Porque esta concepción también se encuentra presente en el dúo que dirige oficialmente la caravana hasta la tierra prometida, que no son sino dos despreocupados buscavidas, poco menos que estafadores de caballos y que aceptan el trabajo prácticamente por la promesa de unos cabellos rojos mecidos por el viento, sin saber del todo bien por dónde llevar la partida. De igual manera, la protagonista romántica es una mujer que hace su primera aparición ebria como una cuba y que luego demostrará una interesante independencia que se revela en la poca usual estampa de un cigarrillo chulescamente sostenido en sus labios, lo que, respaldado por la mirada penetrante y la insinuante media sonrisa de Joanne Dru, propulsa su atractivo fuera de lo habitual. El charlatán puede exhibir un coraje y una nobleza inesperados bajo su fachada de vendedor de crecepelos. El enemigo, por su parte, lanzado como amenaza desde la misma irrupción de los fotogramas, es asimismo un hombre con un notable sentido de la protección y cariño hacia sus sobrinos y compañeros de correrías. Y el Indio, anticipando lo antes dicho acerca de la voluntad redentora de El gran combate, emerge como un hospitalario espíritu de estos parajes ancestrales, incluso frente a la probada iniquidad del invasor. Y está encarnado, en general, por auténticos nativos americanos.

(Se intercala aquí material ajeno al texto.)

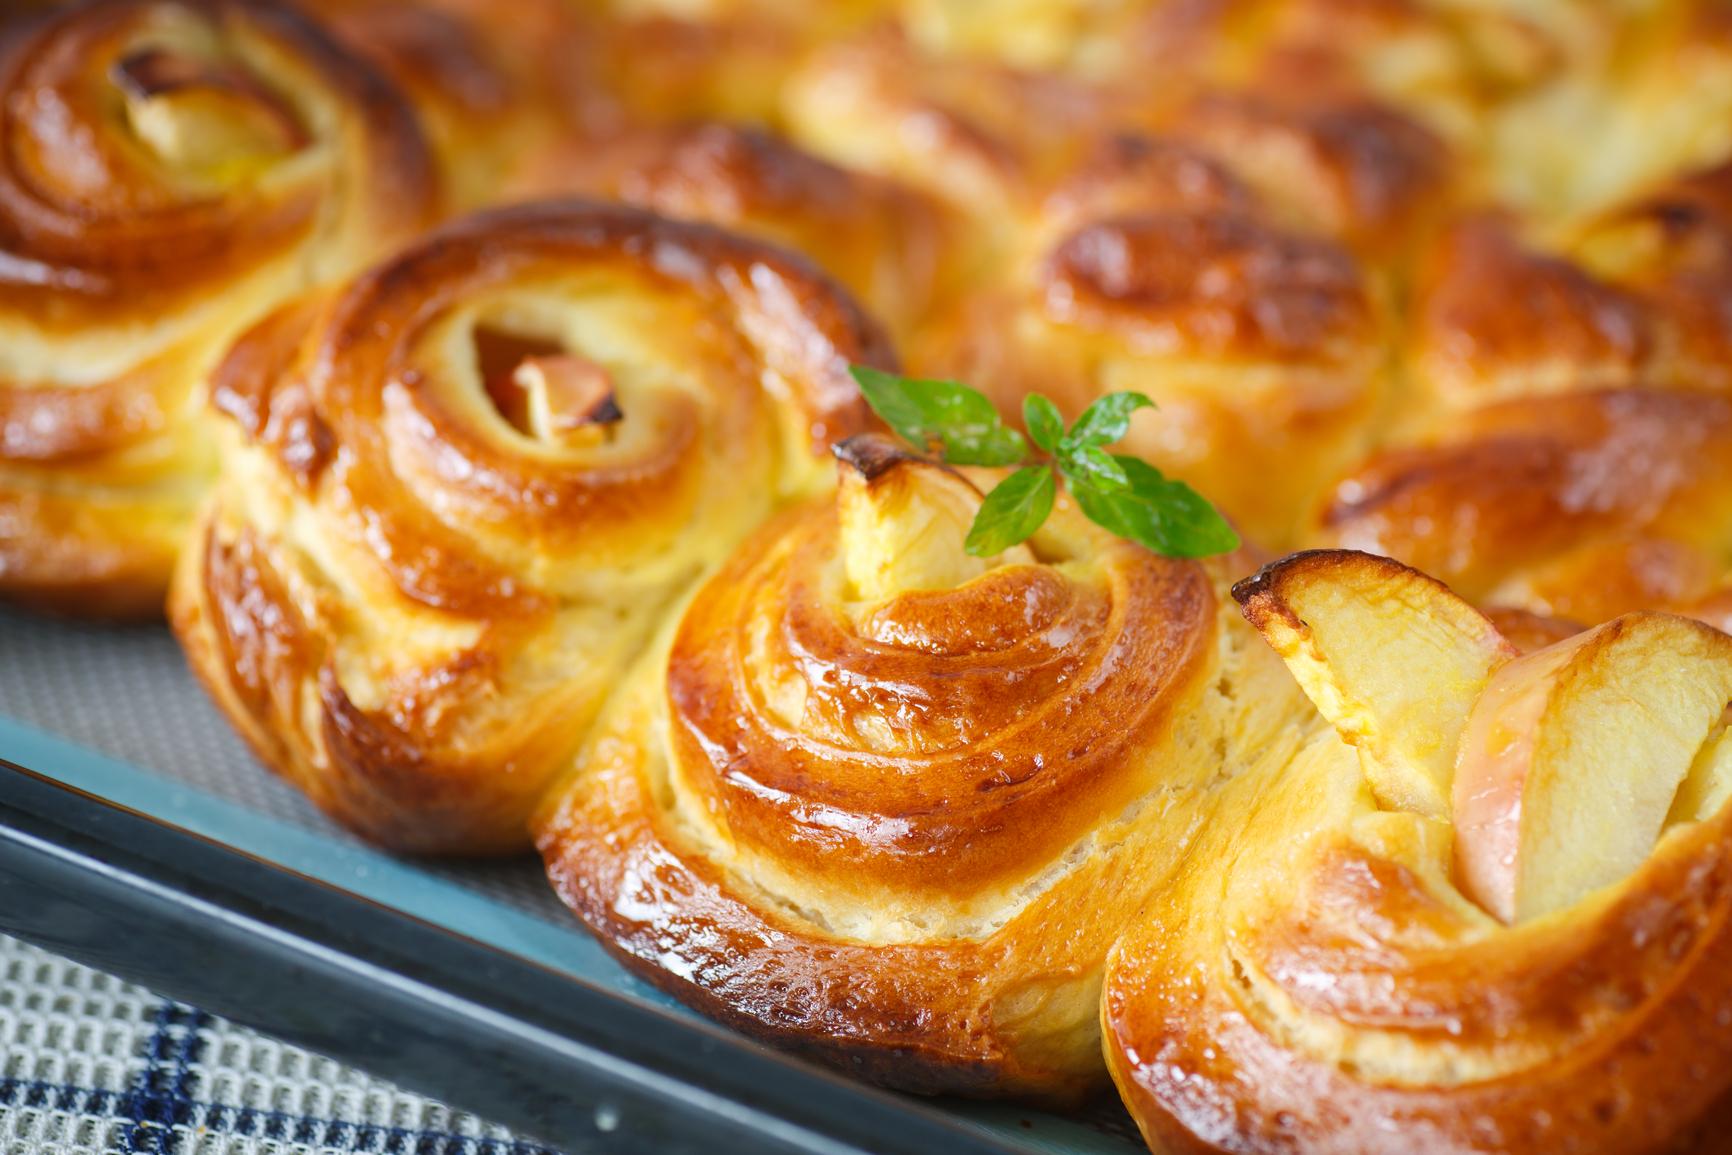 читать кулинарные рецепты с фотографиями про пироги и булочки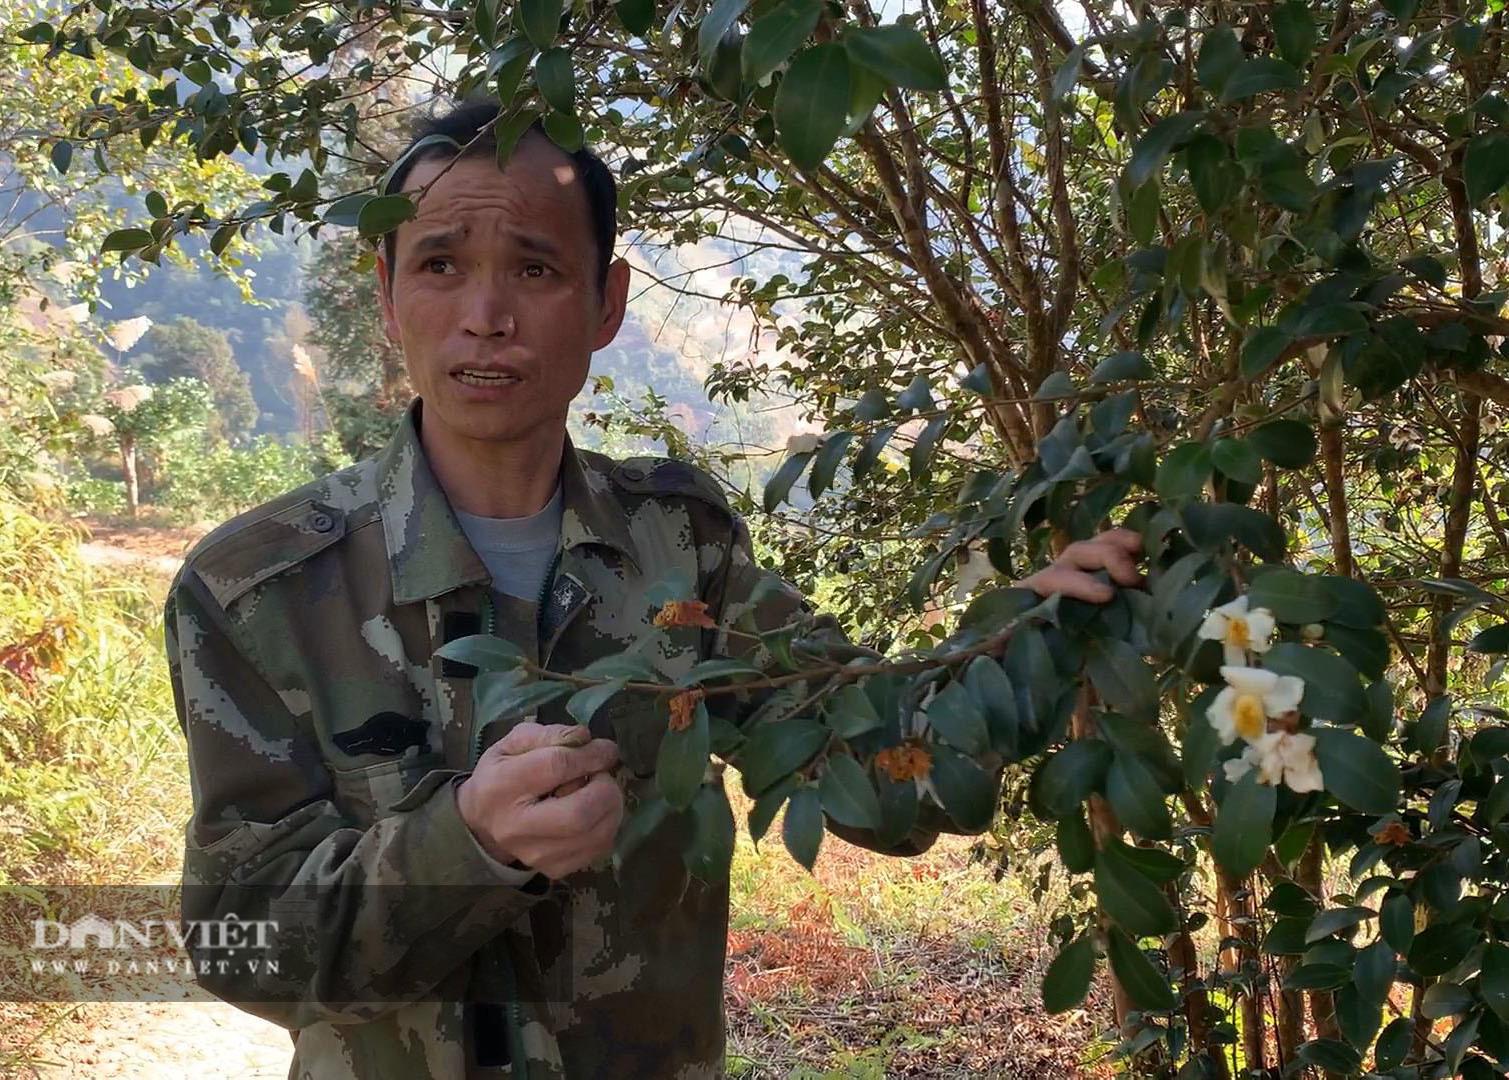 Cao Bằng: Trồng cây cho thứ dầu tưởng chỉ người nghèo mới ăn mà giờ có tiền tìm mua đến khổ - Ảnh 2.

Pero sobre todo, en una admisión anticonvencional en un western que todavía no se ha adentrado en los retorcidos vericuetos de su vertiente psicológica, los presuntos antihéroes demuestran un importante realismo humano en sus dudas, reticencias y confesados temores para enfrentarse a los malvados. Más aún, desprecian el uso de las armas -a no ser que las circunstancias lo impongan irremediablemente, matiz para ese pacifismo pleno que algunos le atribuyen a la cinta-.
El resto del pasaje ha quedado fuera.